De jovem radialista testemunha da morte de Kliemann a cartola de futebol, não faltam histórias a quem comeu o pão que o diabo amassou

Por Poti Silveira Campos

Aos 67 anos, Valtair Santos mantém uma excelente memória. Relembra partidas ocorridas há cinco décadas, repete escalações, a equipe médica e os bandeirinhas. Se facilitar, aponta até mesmo quem teriam sido os gandulas.

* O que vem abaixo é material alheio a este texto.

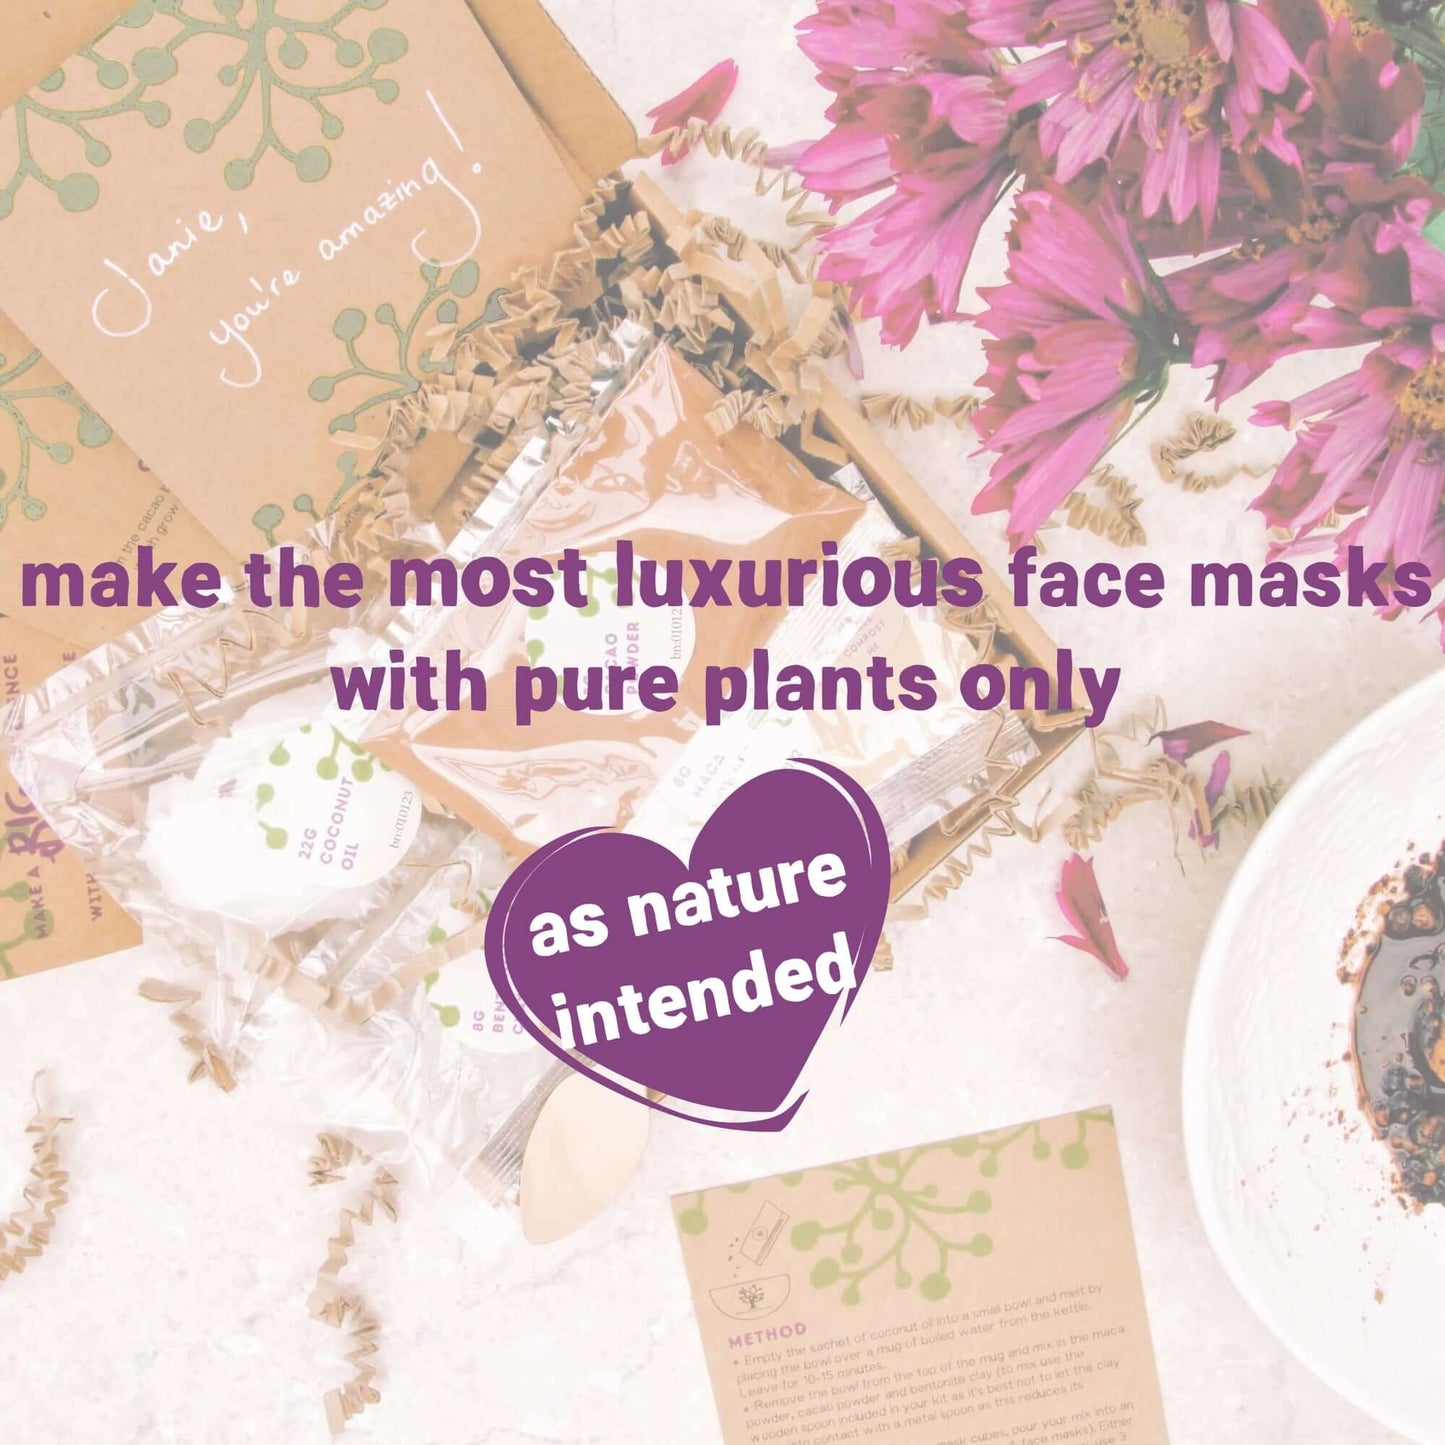 eco-friendly vegan face mask kit inside mum gift box

Além da capacidade mental para recordar nomes e acontecimentos, foi testemunha e personagem importante da cobertura de futebol no Estado nos últimos cinquenta anos. Profissional de três mídias - jornal, rádio e TV -, ele se diz aposentado, mas, certamente, ainda tem história muito para contar - e não só de futebol.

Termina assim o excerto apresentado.